Yang lainnya semuanya terlibat dalam pertempuran sengit satu sama lain, dan sama sekali tidak menganggap serius junior dari Tingkat Pengumpul Elemen, yang memungkinkan Ling Han untuk memanfaatkan celah tersebut dan maju semakin dekat ke pedang.
“Beraninya kau!” Awalnya orang-orang ini terkejut, sebelum kemudian menjadi marah dan melayangkan serangan telapak tangan ke arah Ling Han.
Ini sungguh luar biasa. Mereka semua adalah elit Tingkat Mata Air Mengalir Tinggi, dan yang terlemah di antara mereka sudah berada di lapisan ketujuh. Sekarang setelah mereka semua menyerang Ling Han secara bersamaan, momentum yang tercipta seperti tanah longsor dan tsunami sekaligus, sangat menakutkan.
“Peng,” Ling Han tak heran jika terlempar, tetapi yang membuat yang lain terdiam adalah kenyataan bahwa pria ini benar-benar meraih pedang itu saat lewat, dan melingkarkan lengannya di sekelilingnya.
“Tidak masalah, ini hanya pedang junior. Mari kita tentukan dulu siapa pemenangnya di antara kita, lalu kita tentukan siapa pemilik pedang ini!” seru salah satu elit dari Gushing Spring Tier.
“Omong kosong, apa maksudmu dengan membandingkan kekuatan? Seberapa adilkah itu? Kalau begitu, izinkan aku mengundang seorang Tetua dari Klan-ku untuk membandingkan kekuatan denganmu, bagaimana? Siapa cepat dia dapat, pedang itu milik siapa pun yang berhasil menariknya, ini sudah disepakati semua orang! Mengapa sekarang kita harus memperebutkannya dan yang terkuat menang?

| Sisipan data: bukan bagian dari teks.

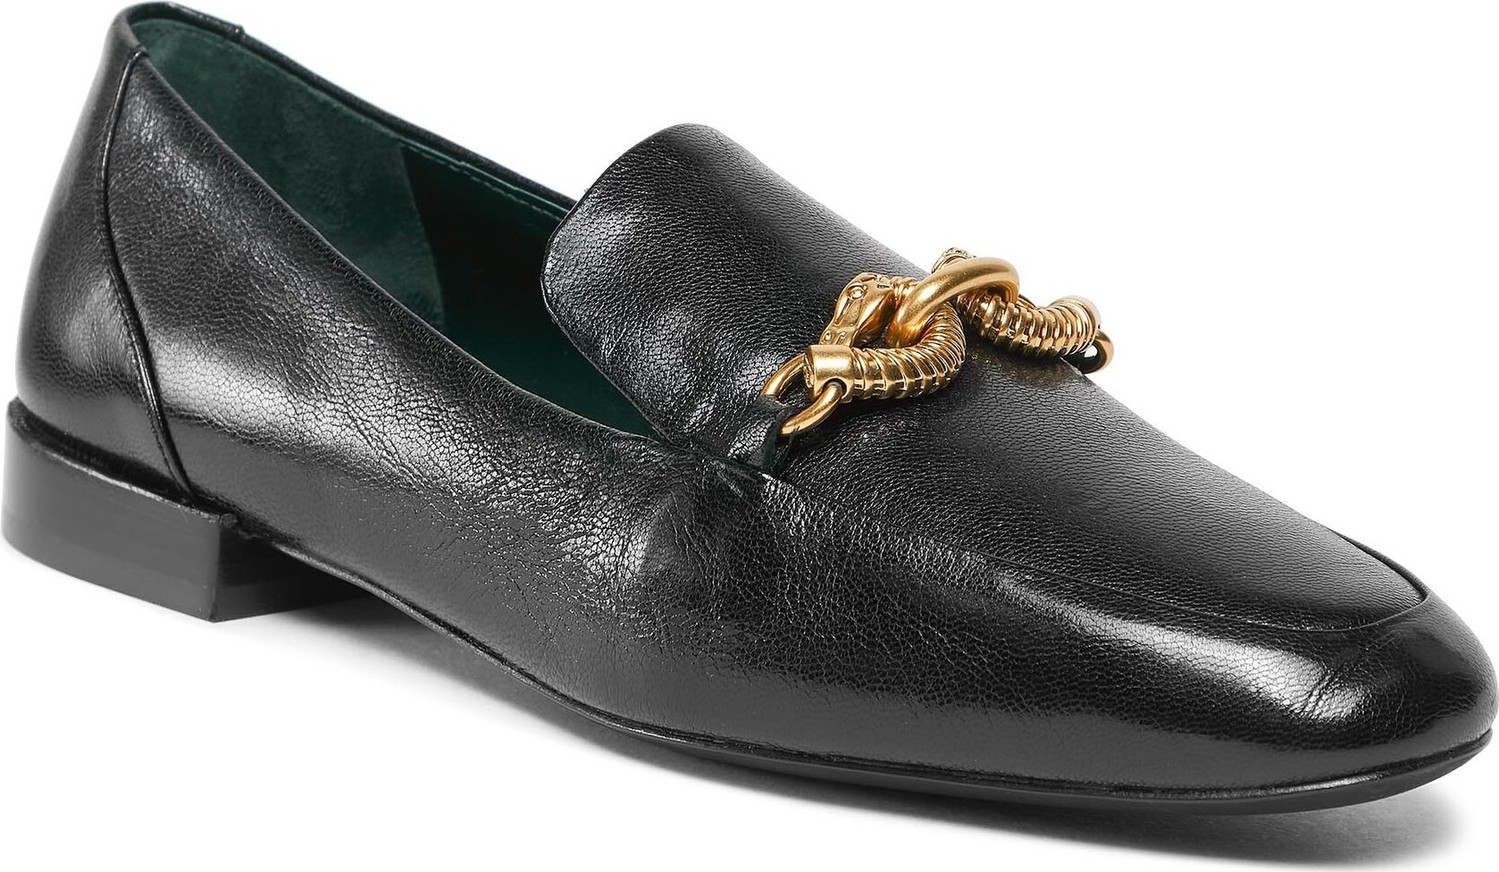 Lordsy Tory Burch Jessa Loafer 152718 Perfect Black / Gold 006

Kita semua hanya berada di Tingkat Mata Air Mengalir, bahkan jika kepemilikan pedang itu ditentukan oleh kekuatan, seharusnya bukan kita yang bertarung!”

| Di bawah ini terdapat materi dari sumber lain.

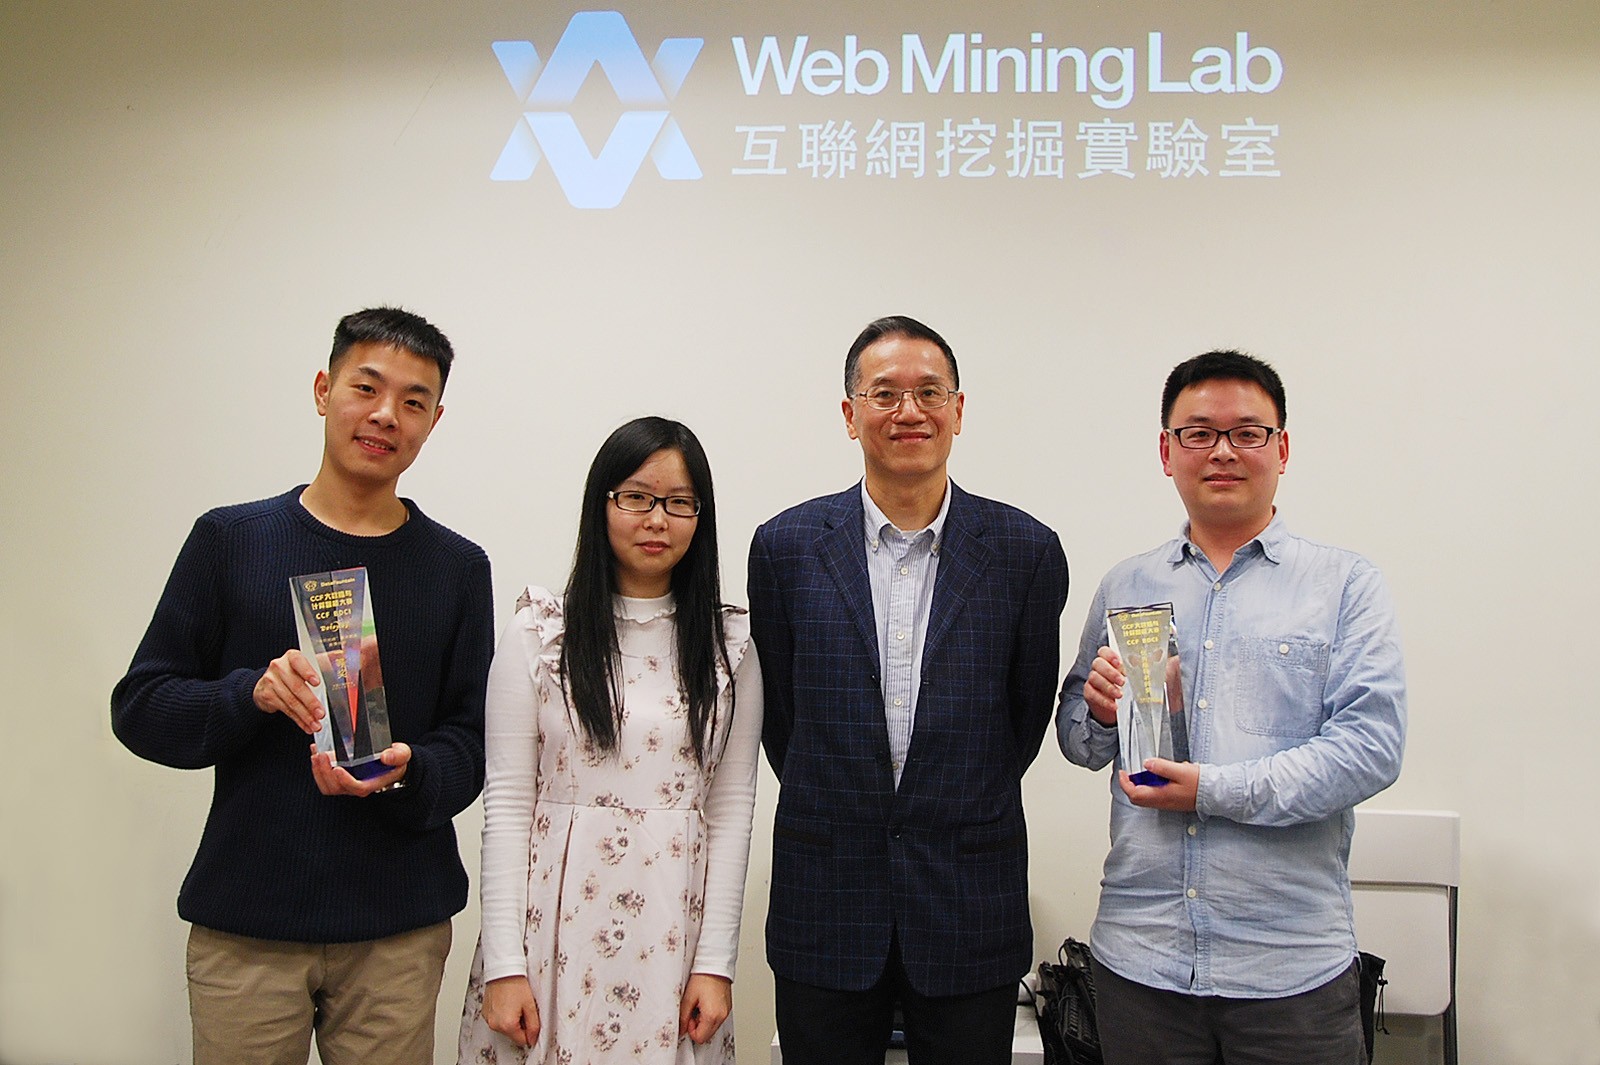 Chair Professor Jonathan Zhu Jianhua (second from right) and the winning team.

“Kenapa tidak kita lakukan dengan cara ini saja? Mari kita undian bersama, dan milik siapa pun yang mendapat undian bagus.”
Mereka semua berdebat dengan keras, namun tidak melihat tubuh Ling Han bergetar sekali pun, dan perlahan ia duduk tegak.
Mereka semua memiliki latar belakang yang sangat penting, sehingga meskipun mereka terlibat dalam pertempuran sengit memperebutkan Alat Spiritual, tidak satu pun dari mereka berani melakukan gerakan membunuh. Dan justru karena itulah Ling Han berhasil mendapatkan kesempatan untuk merebut makanan dari mulut harimau. Namun demikian, karena begitu banyak serangan serentak dari para elit ini, cukup banyak tulangnya yang patah, dan juga terjadi kerusakan parah pada organ dalamnya, sehingga ia mengalami luka yang sangat berat.
Biasanya, kondisinya saat ini hanya bisa digendong untuk mengobati lukanya, dan tidak mungkin baginya untuk meninggalkan tempat tidurnya setidaknya selama sepuluh hari lebih.
Namun, ada setetes Cairan Sejati yang Tak Terhancurkan di dalam tubuhnya!
Keberhasilannya dalam mengolah Tubuh Pohon Mati memungkinkannya untuk membekukan setetes Cairan Sejati yang Tak Terhancurkan, dan tujuan utama Cairan Sejati yang Tak Terhancurkan itu adalah untuk menyembuhkan luka. Tidak peduli seberapa parah lukanya, selama masih ada napas yang tersisa di dalam dirinya, ia dapat disembuhkan.
Inilah kengerian sesungguhnya dari Gulungan Surga yang Tak Terhancurkan.